Wednesday, September 6, 2017

Kosova: The Bus Ride Chapter 1, Scene 3

My mother loves to tell the story of my first day in first grade. We lived in Arizona. My mother was excited for me as I began this lifelong journey of education, but when the school bus arrived at my bus stop at the end of the day, I wasn’t on it. I’m sure she panicked. Her only child was missing.

The school was able to confirm I was okay. I was on the wrong bus but they would make sure I was delivered safe and sound as soon as possible. My mother waited. Now her concern was how I would handle the situation. The thought of her daughter lost and alone made her chest tighten. Was I afraid? Crying? Anxious in any way?

Much to her relief, I hopped off the bus happy as anyone could be.
“I told the teacher that wasn’t my bus. But oh, Mom, I saw so many beautiful things and places I never would have seen!”

What does that have to do with my life now in Kosova? Everything. It is an experience I can draw from when things don’t go just right. Like yesterday.

Yay! The big yellow bus is here and I'm ready!
I’ve been getting up my nerve to ride the bus to Prishtina High School where I will be teaching fourth grade. (The school started as a high school but has morphed into an educational center offering grades 1-12.) I digress.

I’ve had rides with various people during the days of teacher preparation, but I know I need to be able to ride the bus when needed. This was going to be the day.

I bravely walked to the corner of my street, but the bus had just pulled away. Hmm…I walked to the next intersection and looked back for another bus.  I may as well walk a bit more. I hoped to find a bus stop. The ones in the city are nice little shelters. But alas, no such bus stop here. I reach the third intersection and have almost convinced myself that at this rate I can walk the two kilometers to the school and forget the bus. That’s when the big yellow bus appears. Yay!

I board and sit down. I learned the protocol from a friend. Board, sit down, and wait. The ticket taker will walk back and take your forty cents and give you a receipt. He does exactly as expected and I am one happy camper. Until the bus stops and he asks me a question.

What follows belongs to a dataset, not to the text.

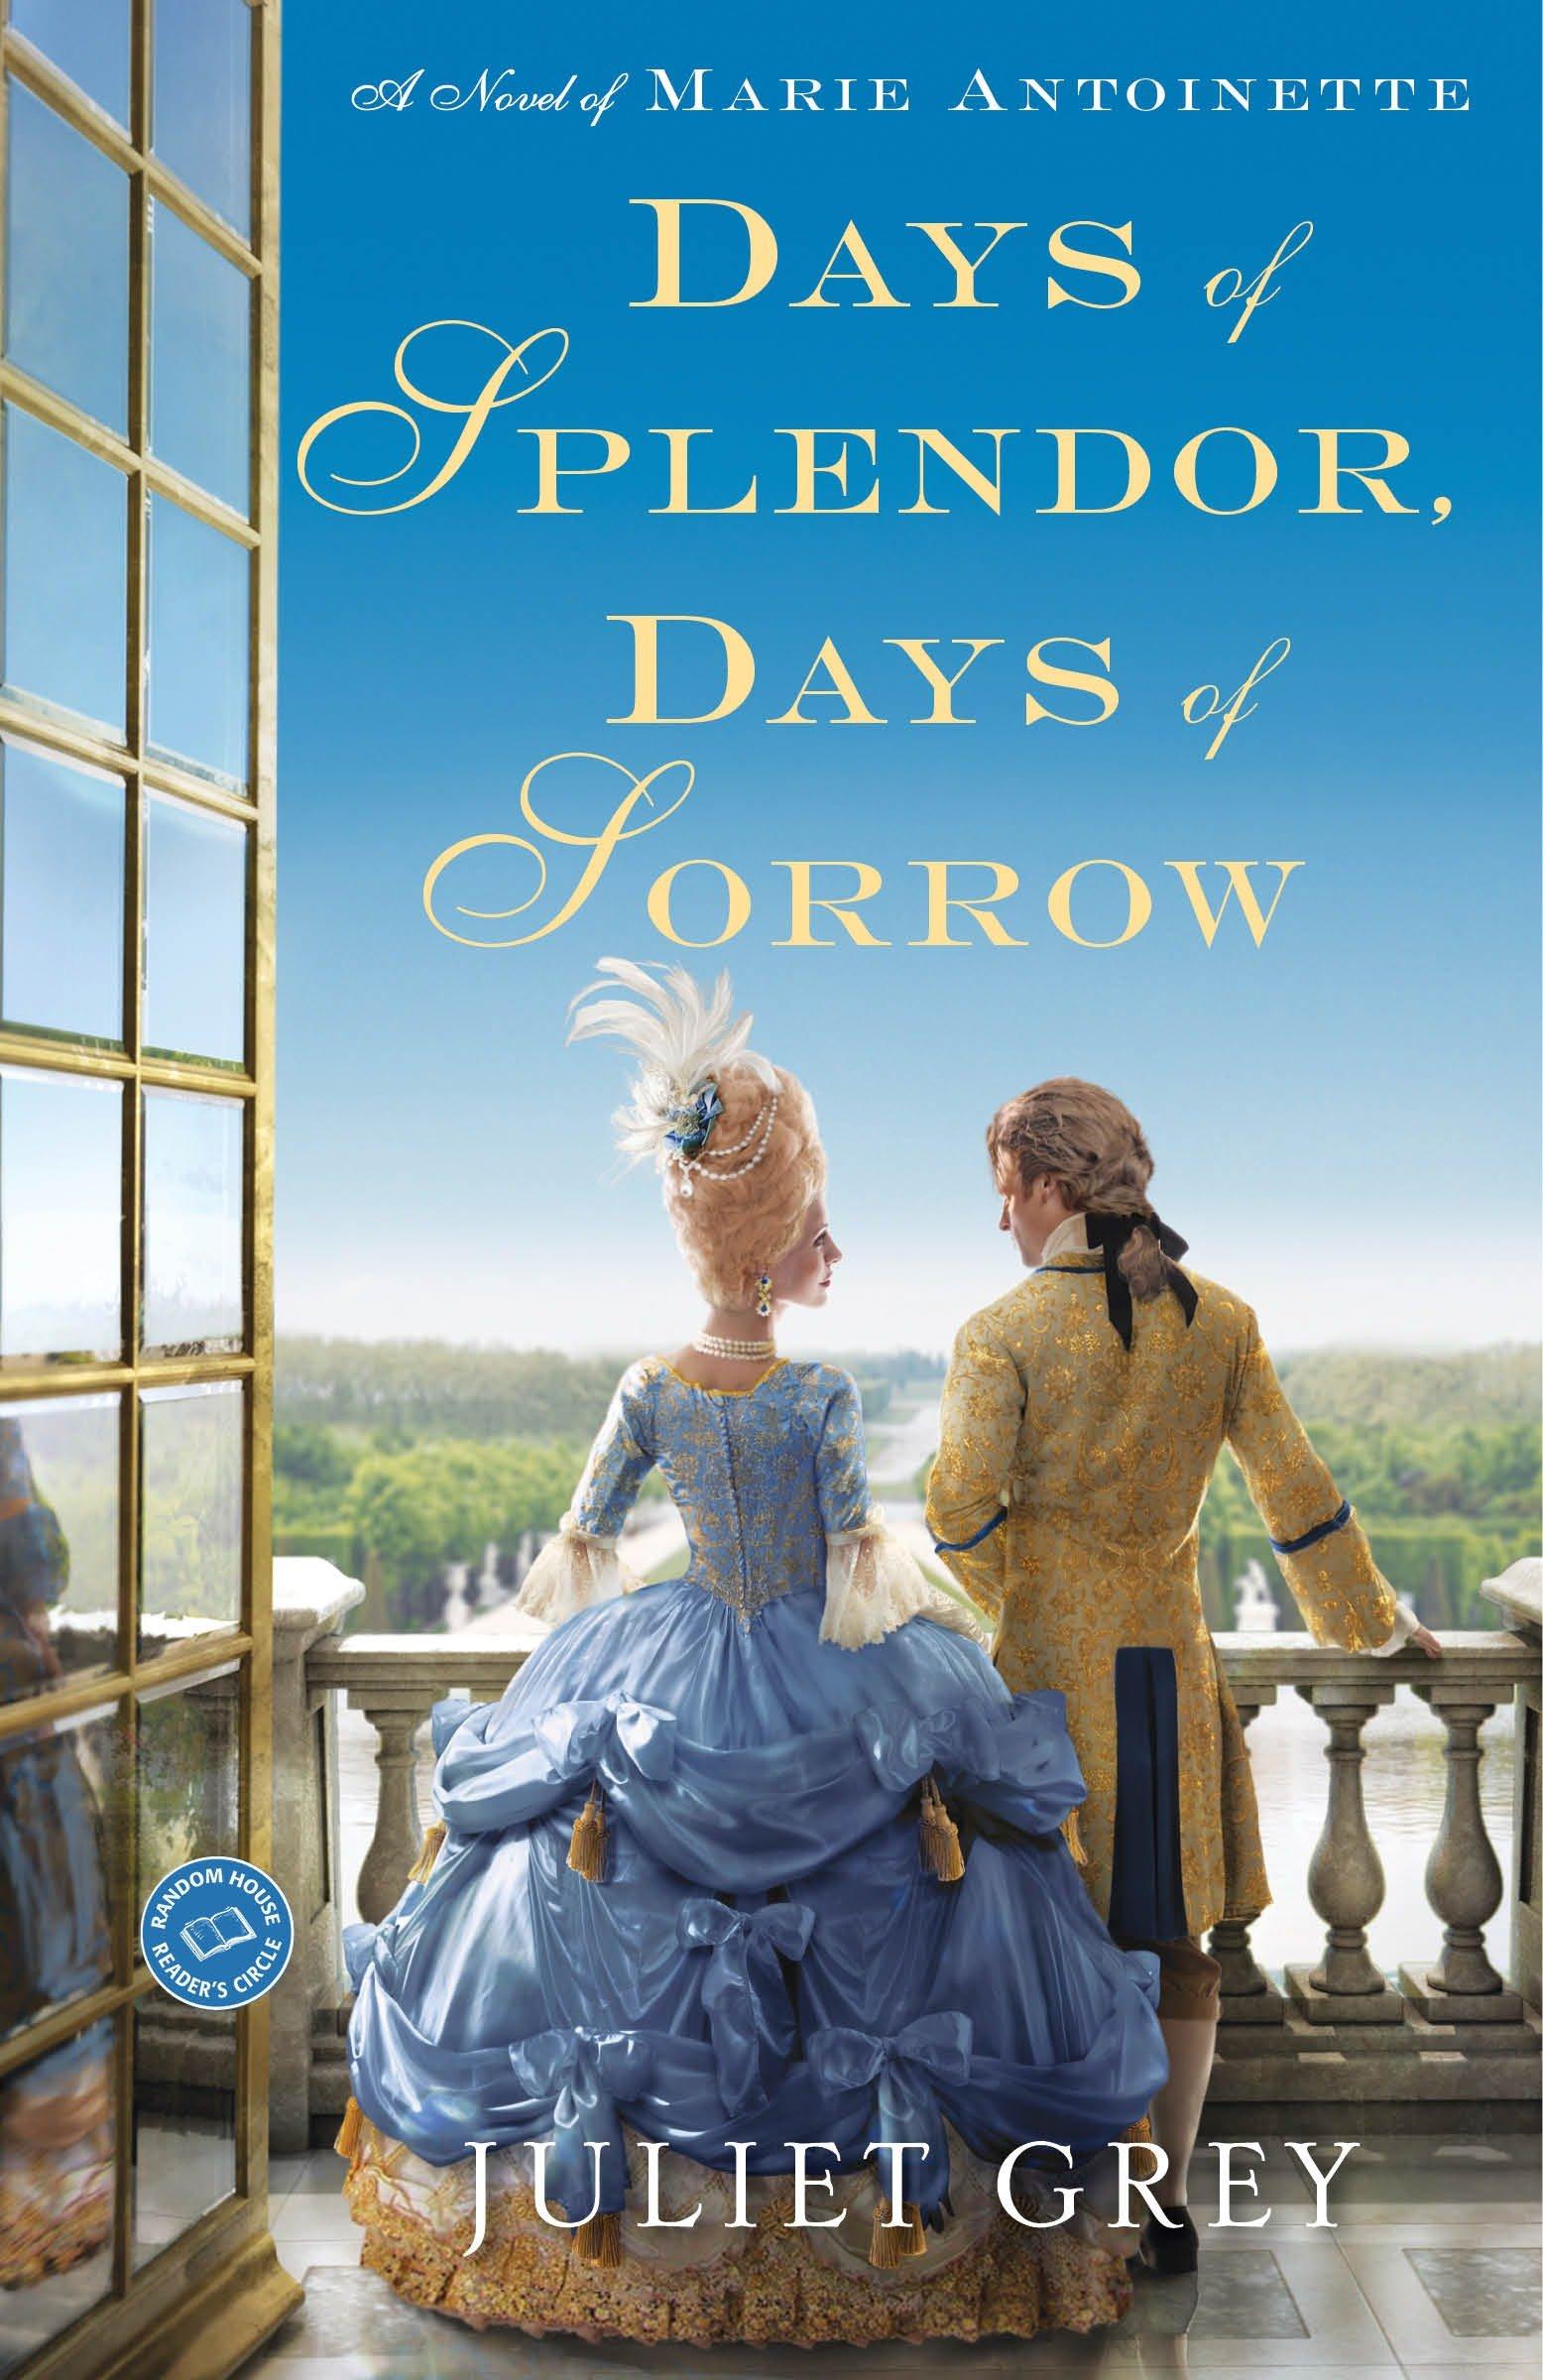 Days of splendor, days of sorrow cover image

He doesn’t speak English. I don’t speak Albanian. He asks again. I tell him I am going to the school and I point up the road.

“American?” he asks.

I assume he’s talking about me so I say yes. He offers me a few instructions I don’t understand and points to another bus heading the opposite direction. He points for me to get off and cross the road. What do I know? Maybe this bus is going to turn off? Still, I ask again about the school at the end of the road. He tells me to get on the other bus with words I don’t understand and hand motions that are clear.

It turns out 40cents can take you places!
The next bus has more people on it. That has to be a good sign, right? But as we pass my apartment without making any sort of turn I know for certain I am on the wrong bus. I’m not totally worried because I’ve been told by others that the yellow buses make a big loop around the city. I figure the worst case is I make a big loop and wind up at my school anyway.

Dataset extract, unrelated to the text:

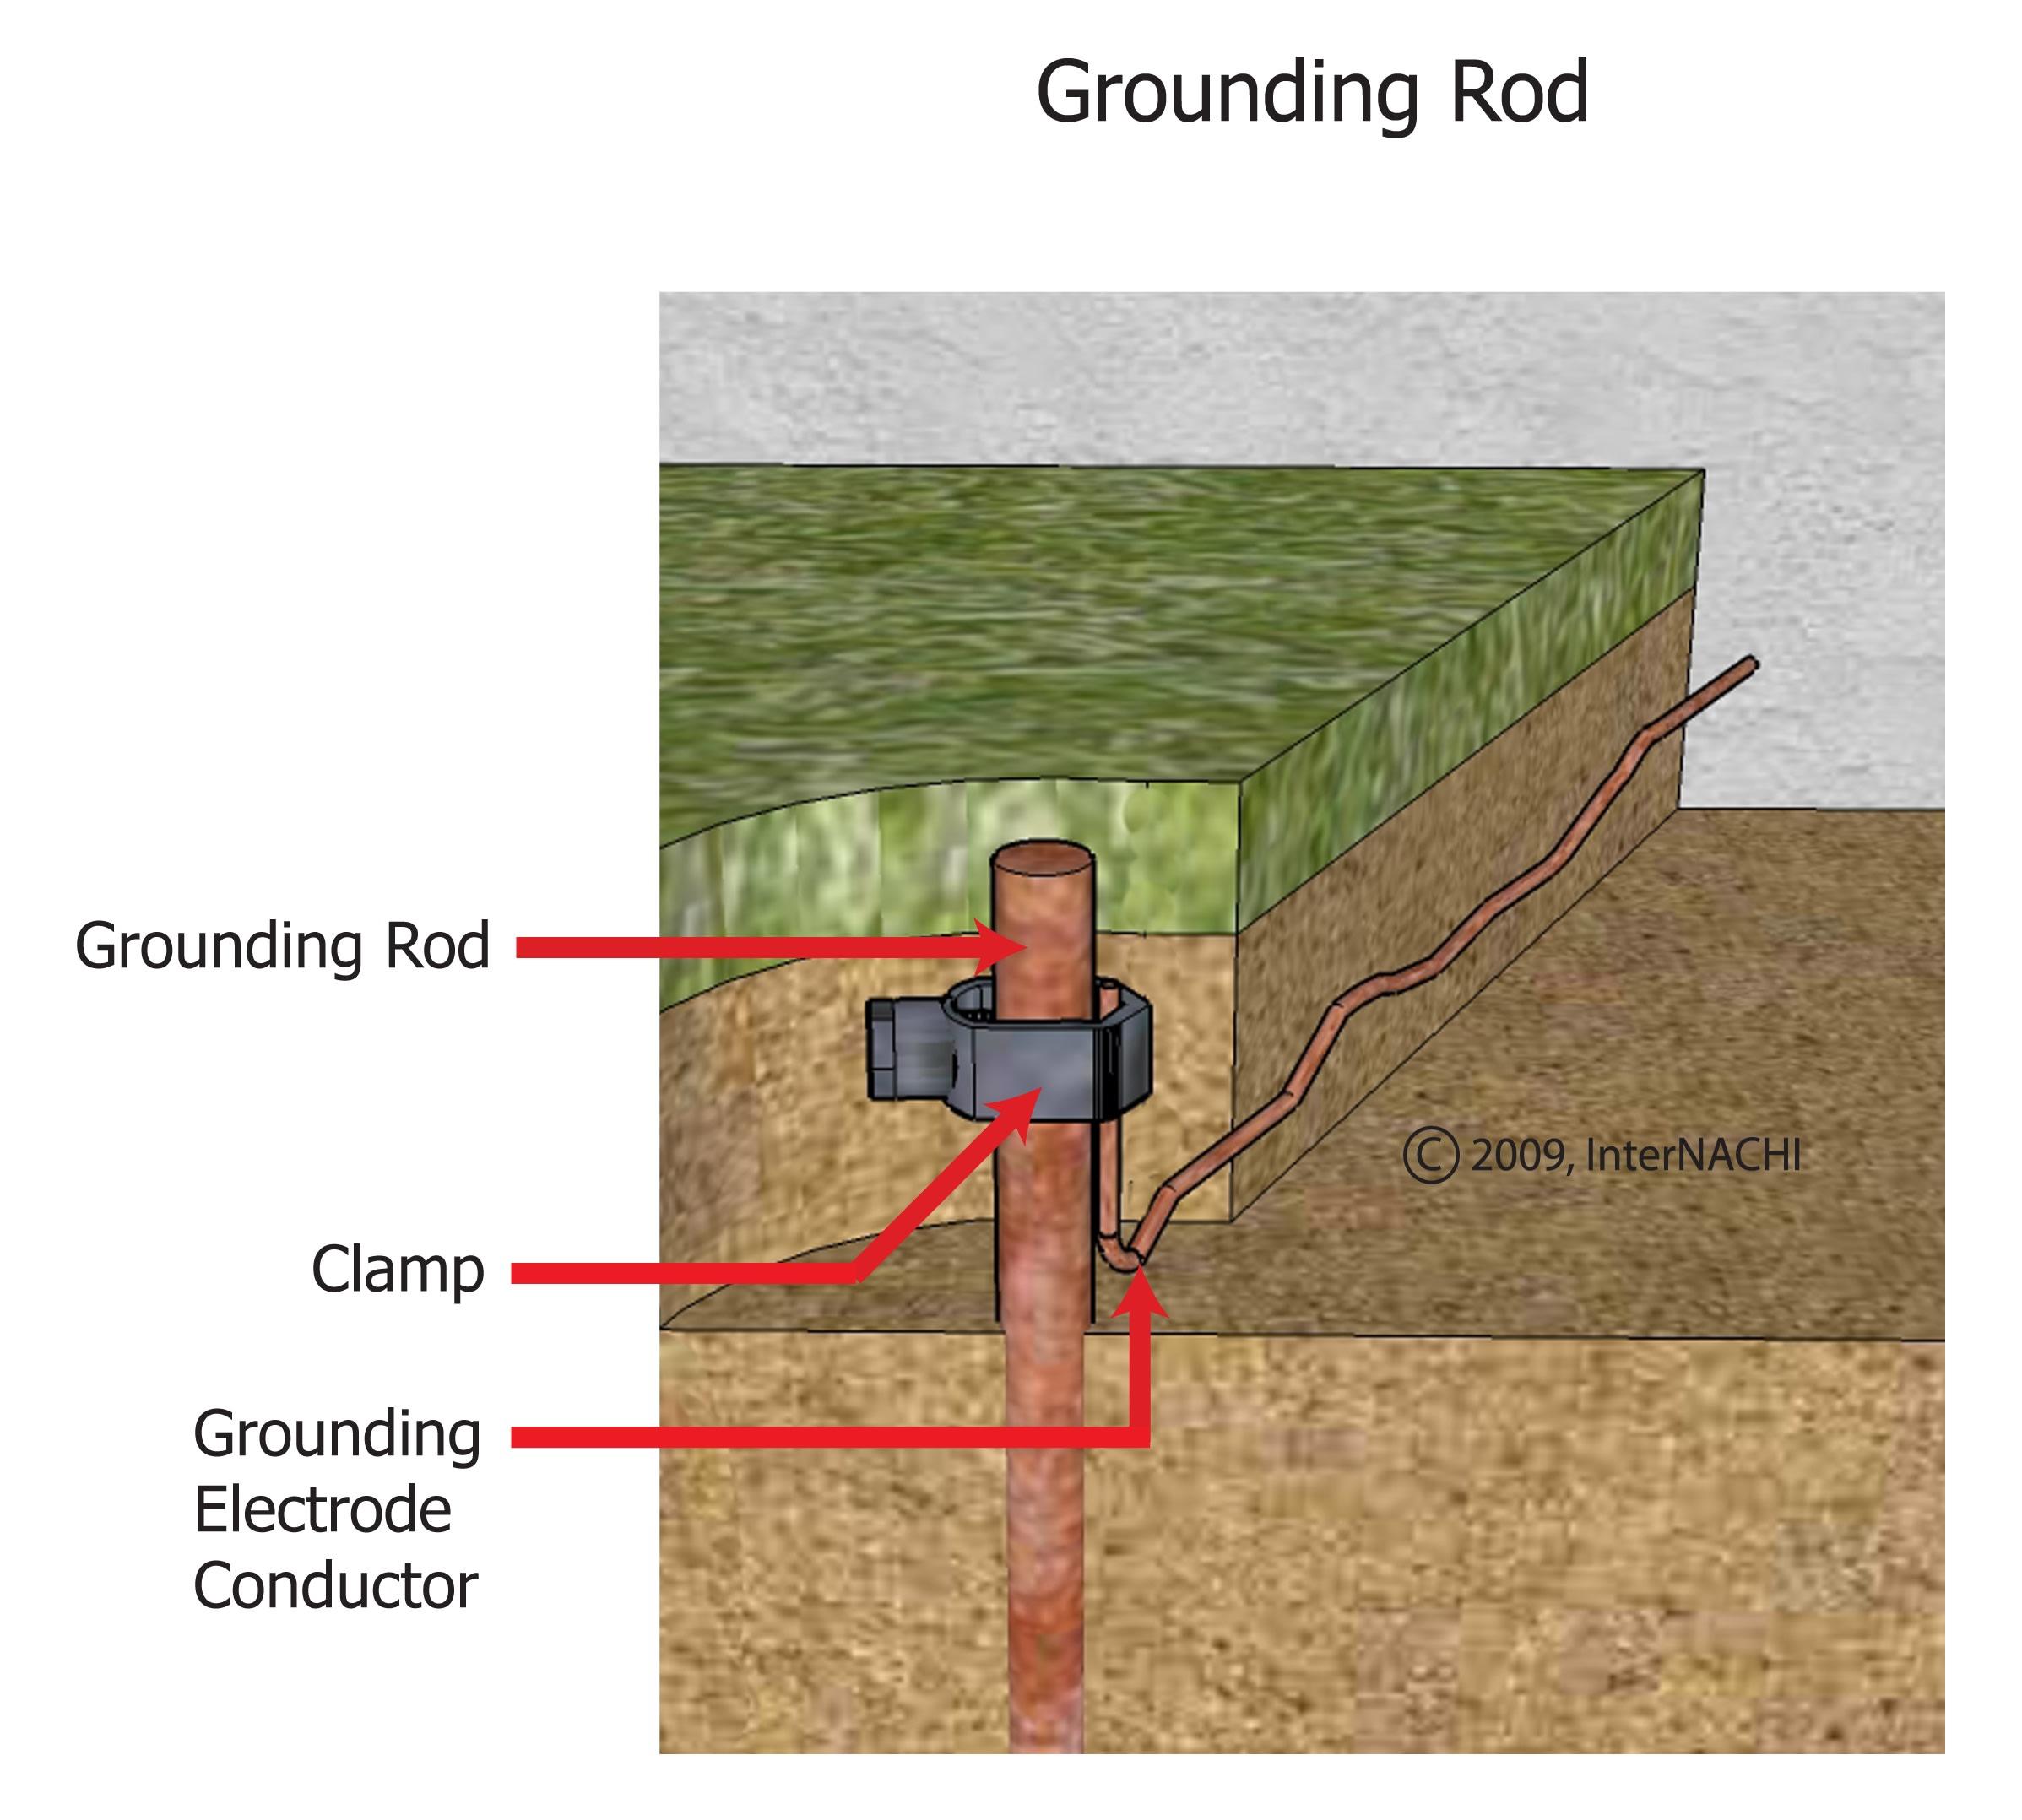 Grounding rod.

The big yellow buses do not make a loop.

We make several stops. People get on. People get off. We finally reach the end of the line. I’m the only passenger left. My smiling ticket taker points to a new bus. “American shckool,” he says.

I get on the new bus. It drives only a few blocks before it opens its doors in front of the American University of Kosovo. The new ticket taker points to me. This time I do not get off.

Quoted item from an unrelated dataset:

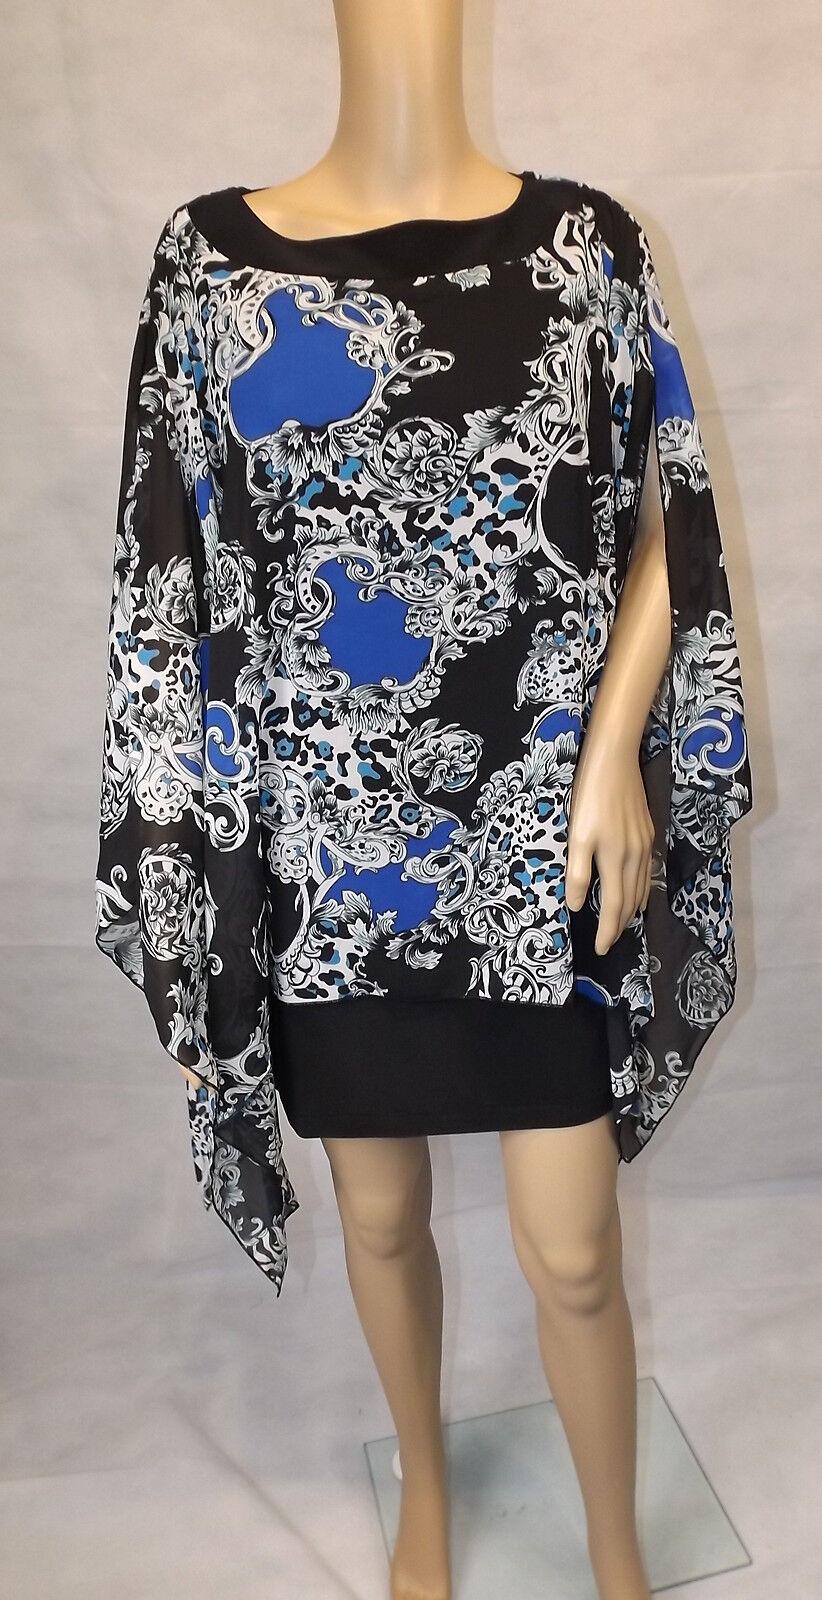 ALFrotO PAULY   34  Kleid mit Kaftan  Kaftankleid  schwarz blau  mini  NEU

“This is not my school.” I suddenly remember a booklet I have in my bag. It is a copy of the parent handbook for the school. I pull it out and point to the name of the school. But it is not the school’s name he recognizes. It is the logo. A distinctive tree logo found on every sign I’ve seen regarding the school. His face brightens and he has me sit down. A few more stops and we are in my neighborhood once more. We finally reach the corner of the street leading to my school and I hop off the bus, happy as anyone can be.

Hey, it only took me two hours to travel two kilometers to my school. Not all that bad. I saw so many beautiful things and places I may never have seen.


  1. Such a wonderful way that God prepares us for His plan...even back to your first day of first grade bus experience! He was shaping you then for this!

    1. Hallee, I so appreciate your perspective. I feel that as well. Thank you for stopping by!

  2. You are fearless. I would have been freaking out. You had such a good attitude about the whole ordeal. Hope the rest of the week goes well.

    1. Thank you, Terry! I don't know about fearless...but I am determined!

  3. I remember moments (and hours) like those! I felt that pinch in my gut again as I read. But how beautiful to simply appreciate what you're seeing. I'm so very excited for you to be there. Hugs!

    1. I adore you, Bethany! I am having a wonderful experience.

  4. Bill and I did that once in Scotland...sort of. We just got on a bus and rode it until everyone had gotten off and tbe driver had pulled to the curb, since he was ahead of schedule. So we got off, thanked him, and walked a couple of blocks to catch another bus. We saw lots of cool neighborhoods!

    1. At least you were deliberate about it, Janet! But you're right! It is a great way to see everything! And the buses here are so new and clean and nice.

  5. I am going to enjoy your new teaching position alongside you!!! How exciting!!! God bless your young students and you!